Real-life Twin Peaks: the Washington town that David Lynch made immortal

I’m not a television person, yet I’m completely addicted to the medical drama of the moment, The Pitt. An achievement that well and truly earns the epithet “immersive” due to its unblinking realism and dedication to presenting the ups and down of modern life as an Emergency Room doctor.

There are moments in the show that truly make you think that this is a show shot in a real-life Emergency Room. Perhaps one that had been abandoned until the show runners took over, but one that at some point in the recent past saw real-life doctors tending to real-life patients within its walls. However, that’s obviously not how TV works. TV shows are rarely shot on location, especially indoors. After all, when a real-life ER is built, you don’t have to take into account where the cameras go, or what the sight lines are, or where the supporting artists will take lunch.

So it’s a pretty incredible irony that shows as realistic as The Pitt are made on purpose-built sets, while a show as proudly fantastical and dreamy as Twin Peaks wasn’t just shot on location, the majority of the show was built around a single, real-life town in Washington – welcome to North Bend, a town that David Lynch took one look at in the early 1990s and thought, “Yes, this place is just right for my story about the horrors lurking underneath small-town America.”

We’re not just talking about the incredible vistas and natural beauty of the place either, because the external shots would have always been shot on location (obviously), and all the scenes in Twin Peaks’ iconic opening credits come from the natural beauty of North Bend and the surrounding areas, and it’s just as incredible in real life as it is in the opening credits of the show, but in true Twin Peaks fashion, it goes deeper than that.

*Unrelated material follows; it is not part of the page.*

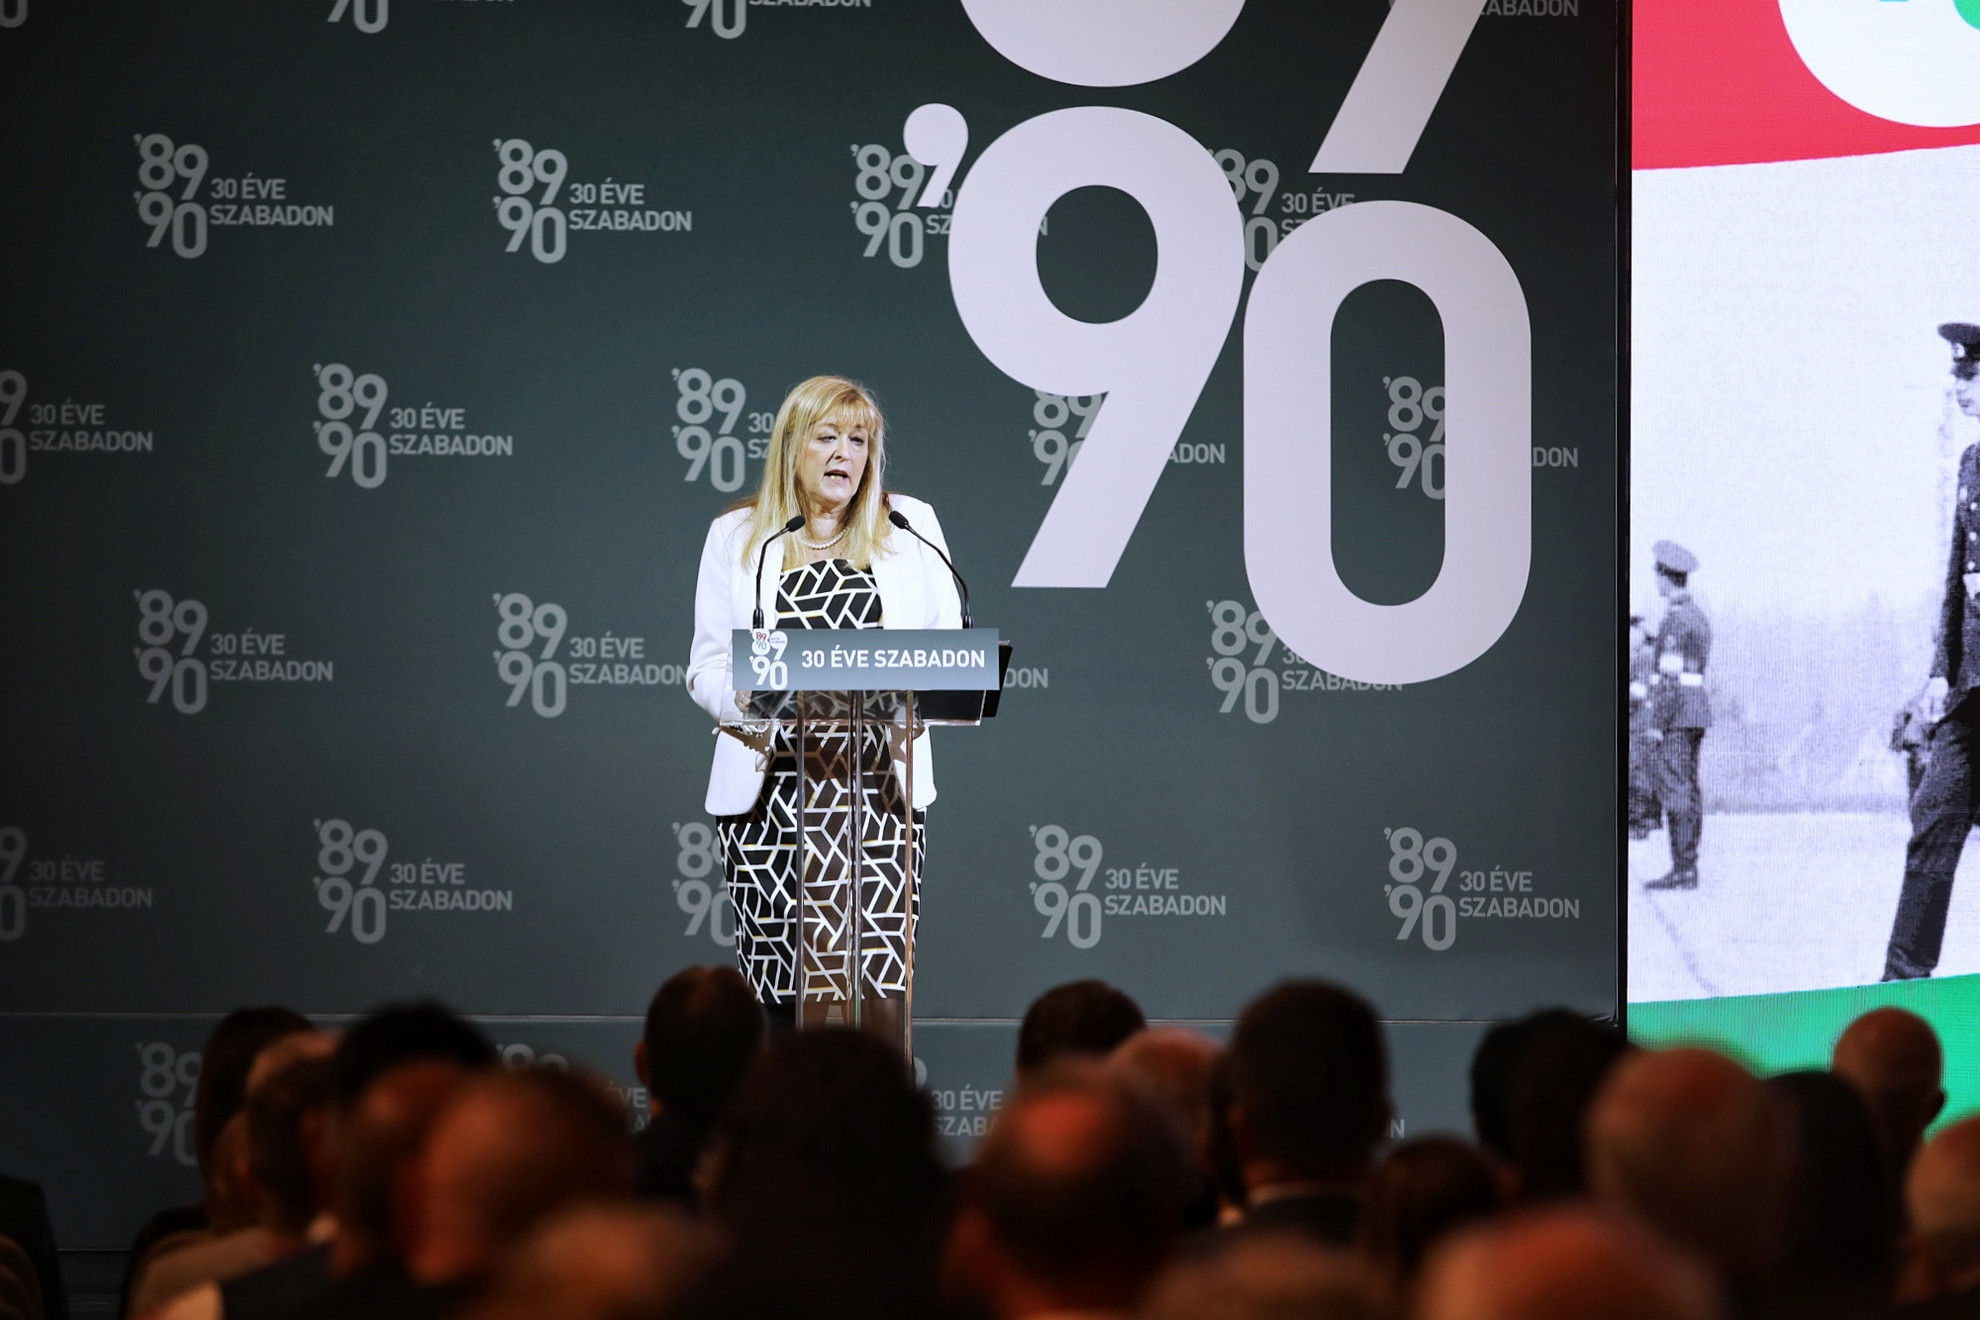 Schmidt Mária, a 30 éve szabadon emlékév kormánybiztosaként mondott beszédet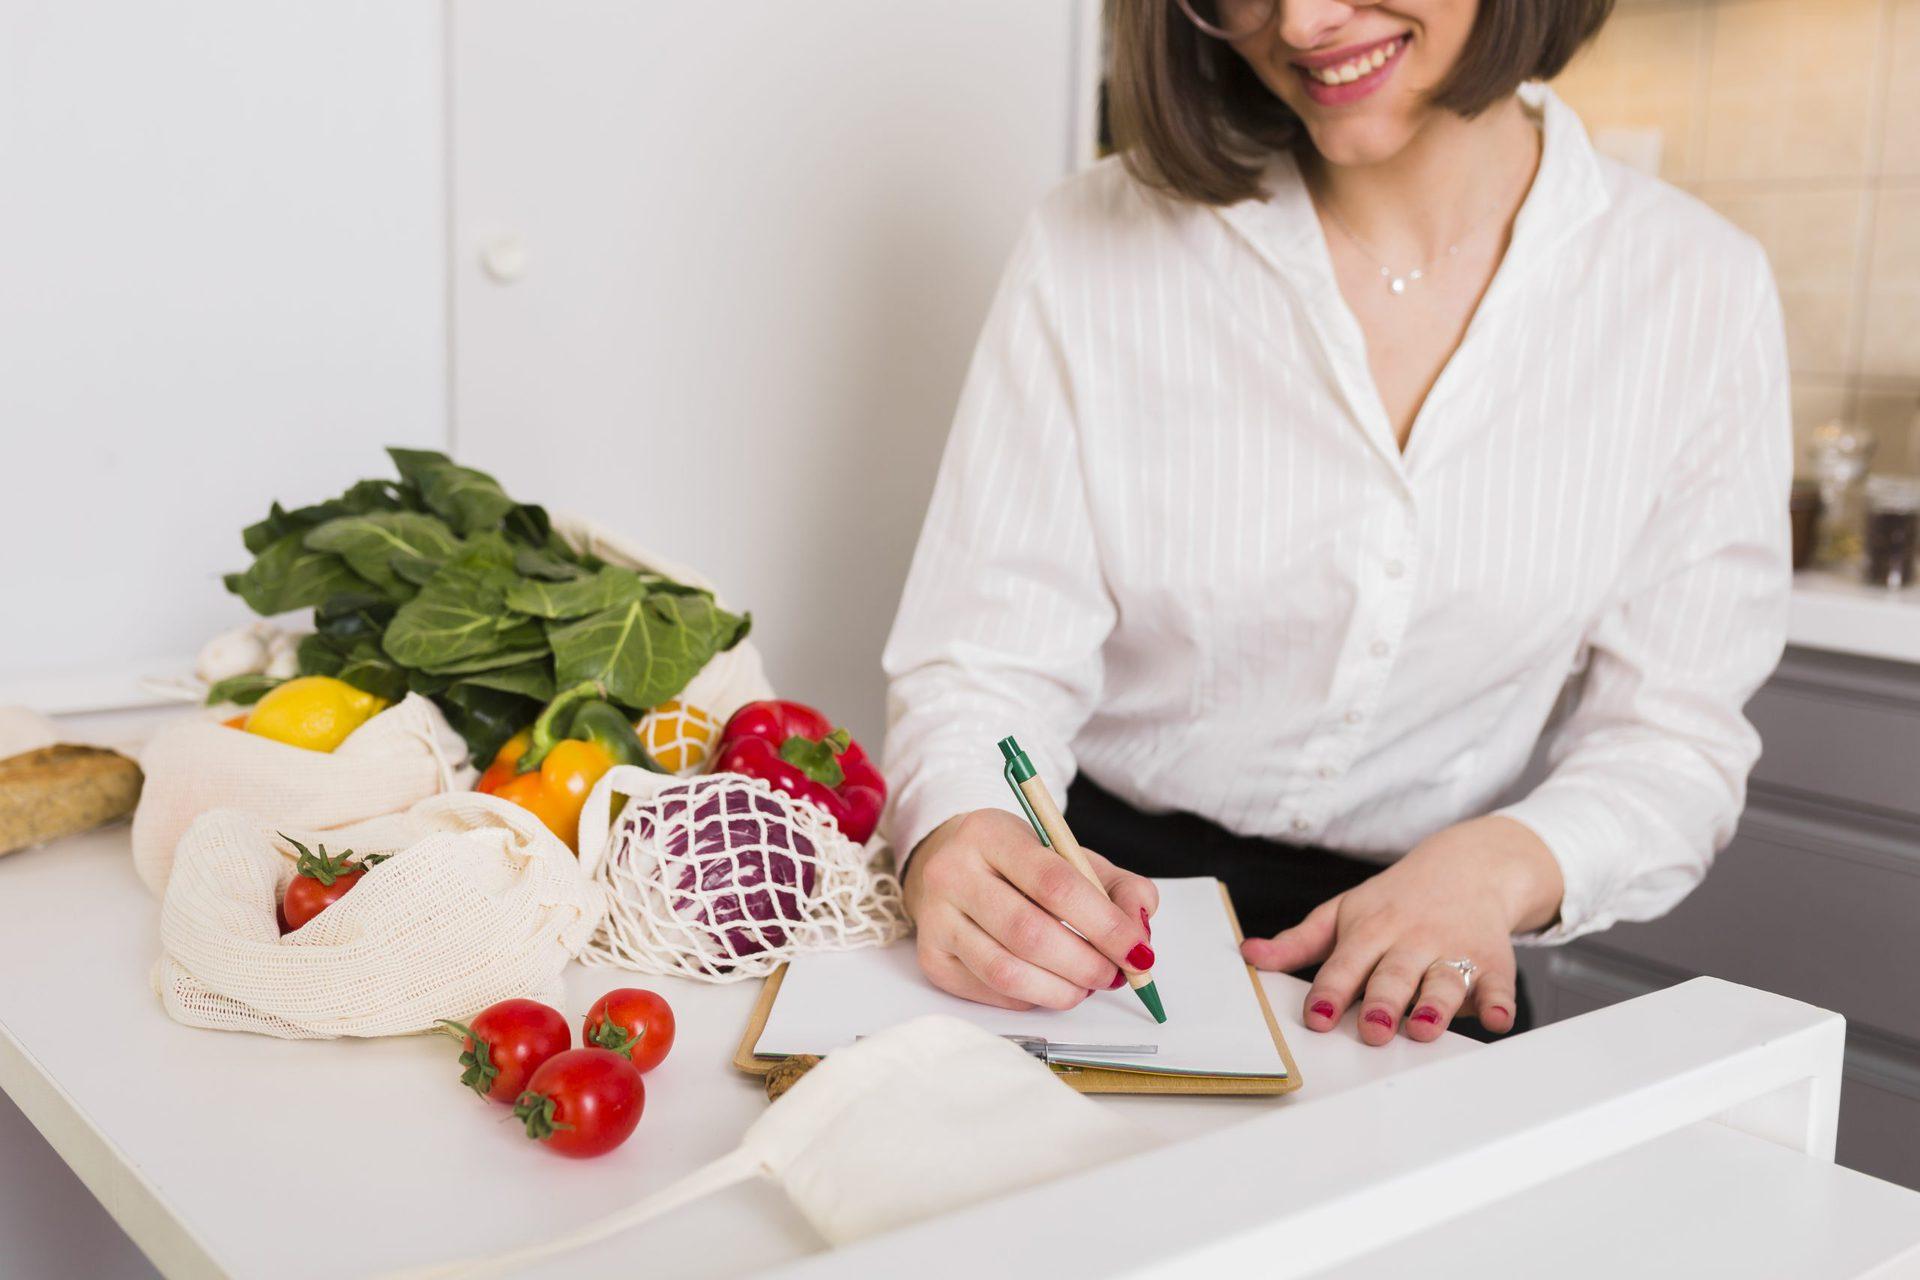 comidas faciles y economicas para el almuerzo tips

Half the locations featured in the show are real-life locations in North Bend, Washington.

Twede's Cafe - North Bend, Washington.
Credit: Jasperdo

What are the real-life locations of Twin Peaks?

Most famously, the Double R Diner, where FBI Agent Dale Cooper sits down for his “damn fine cup of coffee” and cherry pie, was a real-life diner in North Bend, and while filming the pilot episode, Lynch found a diner called the Mar-T Cafe at 137, West North Bend Way and decided that this would be the heart and soul of the show going forward, so much so that after the pilot finished filming and the show couldn’t shoot on location as much, the diner was rebuilt on a soundstage in Los Angeles as a damn-near exact replica.

The diner is actually still open to this day as Twede’s Cafe and does a thriving trade as a tourist hotspot for Twin Peaks fans. Tragically, though, their coffee and pie are infamously terrible – The Great Northern Hotel is also a real-life spot a few miles away from North Bend, in the form of Snoqualmie’s Salish Lodge, and many characters’ homes were also houses in North Bend, along with the Sheriff’s department, Big Ed’s Gas Farm and Twin Peaks High School.

If anything, this commitment to shooting in a real-life small town adds so much to what makes Twin Peaks so special, because despite all the kooky stuff happening, like backwards talking short people, vengeful, murdering spirits and James Hurley’s forehead, it’s rooted in a real-life community that, for better and worse, shines through on screen. All the fantastical elements get so much more powerful because, in so many ways, Twin Peaks could be any small town in America.

And North Ben will go down in history as a direct result of this.